Since being built in 1900, Long Street Methodist Church and School Rooms has been know as that. However following the building being transferred to the GMBPT in 2010 the site was given the addition name of The Edgar Wood Centre, which was appropriate and mainly applied to the hall and school rooms.

This has led to some confusion as this name was given to the First Church of Christ Scientists, Daisy Bank Rd, (also by Edgar Wood) when it was taken over by Manchester University over twenty years ago.

The EWS committee and GMBPT trustees had a brain storming session on Thursday to come up with name suggestions that may give reference to its past and planned use for weddings, conference and community, Edgar Wood, its location and something that trips off the tongue.

You would think this would be an easy task! Difficult.

First Post of 2019

Long time friend of Long Street Methodist Church and the Edgar Wood Centre, Andy Marshall, a nationally renowned architectural photographer came to do some shots for the proposed restoration commemoration book.

 Sorry Andy, my image doesn’t match your quality.

27 November was a Busy Day

Nick Berry from Viridor Credits arrived on schedule to look around the school rooms following the restoration (we think it was an inspection of the work) although he didn’t say so. Viridor Credits assisted in supporting the project with a grant and we found them helpful throughout the process and the GMBPT are grateful for their input.

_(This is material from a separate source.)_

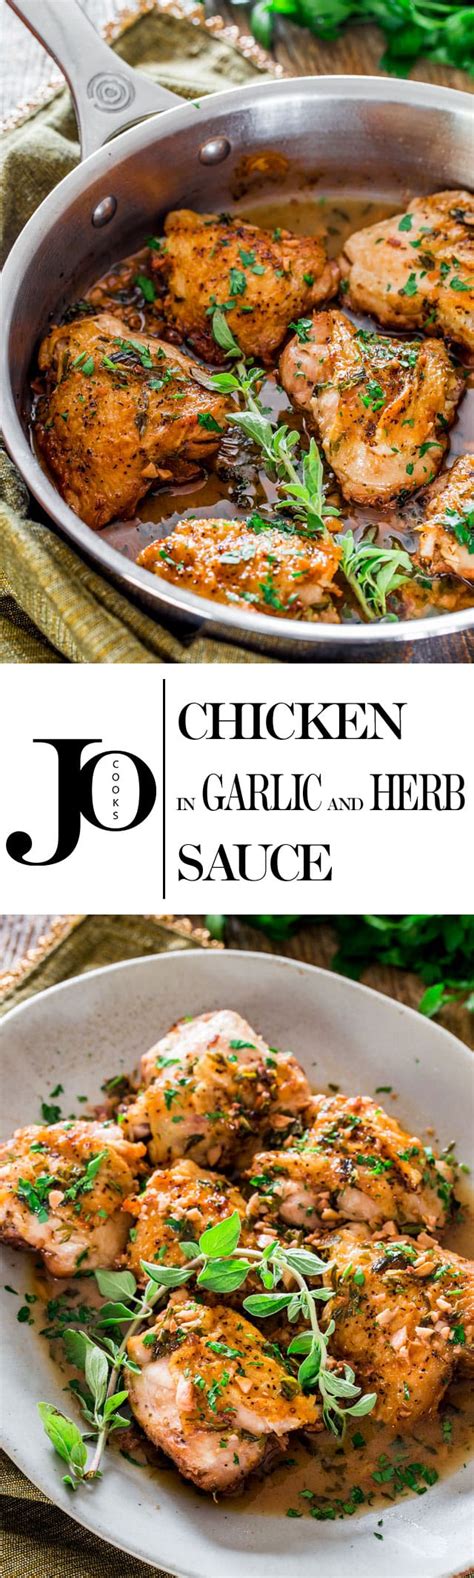 chicken-with-garlic-herb-sauce image

As Nick left the building thirty, year two pupils arrived from Elmwood Junior School, also designed by Edgar Wood. They were being ‘building detectives’ and had previously visited the Parish Church and the Queen Elizabeth’s Grammar School, both of which have connections to EW. The children looked around the Church and answered ‘searching’ questions before looking around the school rooms. They were especially surprised by how small the classrooms around the hall were compared with their school classrooms.

It was good to have the children for a visit and we hope they enjoyed there time with us and that we may see them on another visit in the future.